In a study by Galinha et al. [29], Eros appears to also have a mediation function between attachment and subjective well-being, at least in Mozambican and Portuguese participants―though not in American participants. This result suggests that a combination of secure attachment and Eros contributes in greater measure to subjective well-being in collectivist cultures―such as Mozambican and Portuguese cultures―as opposed to individualist cultures such as the American culture.

Despite the positive value Eros style in relationships is broadly confirmed, we have recorded a series of discrepant opinions. While Kimberly and Werner-Wilson [24] have observed a moderate correlation between Eros and dyadic coping, degree of affinity, and relational satisfaction, Adil and Kamal [27] recorded zero correlation with secure attachment and, instead, an existing correlation with the attachment style defined by Bartholomew and Horowitz [43] as “preoccupied” (preoccupied attachment style, distinguished by a negative perception of one’s self and others), though only in males. Goodboy and Myers [32] observed, instead, that Eros may exist in partners adopting negative relational behaviour, such as spying on the partner; the scholars argue that such behaviour may be adopted as a possible confirmation that the love relationship is experienced intensely and passionately. Ortalda and Clapetto [40] reported that Eros may even be correlated to feelings of jealousy. Smith and Klases [26] have observed that the length of a relationship is a significant predictor of the Eros style, but in a negative sense: the longer the relationships last, the less individuals show the love style. In the only reviewed research in which the scholars analyzed marital couples with the actor?partner interdependence model, some differences between husband and wife were observed.
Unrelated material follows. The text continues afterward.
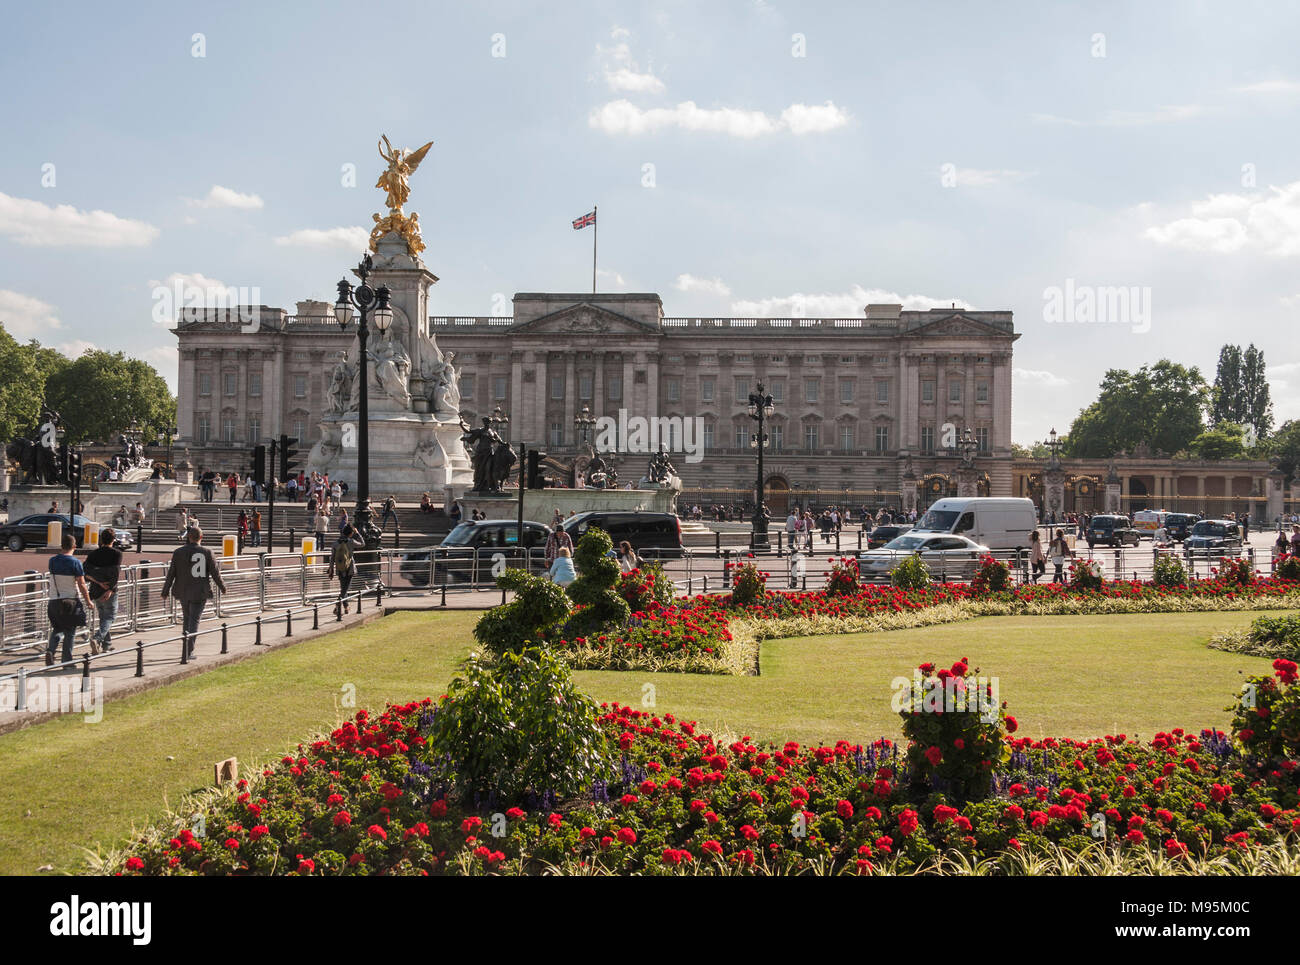 Le centre commercial menant au palais de Buckingham à Londres, Angleterre, Royaume-Uni Banque D'Images

In fact, while a passionate attitude toward love of a couple’s partners influenced their own marital satisfaction (albeit to a lesser extent in the husbands) (actor effect), only the wife’s Eros style had a significant effect on her partner’s marital satisfaction (partner effect).

Agape love style and its relational correlates

Distinguished by altruistic attitudes and behaviour expressed by people that are most interested in providing support, care, and respect to the partner, this love style is positively correlated to relationship quality [28], length of the relationship [26], and relational satisfaction [30] [33] [41], regardless of the level of education, religiousness, or gender [30]. Moreover, this type of partner: always tends towards a more secure attachment [42] ; considers commitment an important characteristic in choosing a partner [39] ; tends towards avoiding destructive communication behaviour―such as that identified by Gottman, including contempt, criticism, and defence [24] ―and negative strategies for conflict resolution, such as dominance, but―on the other hand―uses positive modes such as compromise [25]. As recorded by Vedes et al. [33], a high level of Agape facilitates support to a stressed partner, and the joint effort to avoid stressors, although the latter coping type seems to be rarer in couples who have been together for longer. Furthermore, couples adopting such love type do not seem to show negative relational behaviour, such as jealousy or spying [32]. Couch et al. [36] have recorded that Agape couples tend to not show dysfunctional reactions after having been cheated on by a partner. Nonetheless, when a relationship ends Agape males in particular report that they feel negative emotions [39].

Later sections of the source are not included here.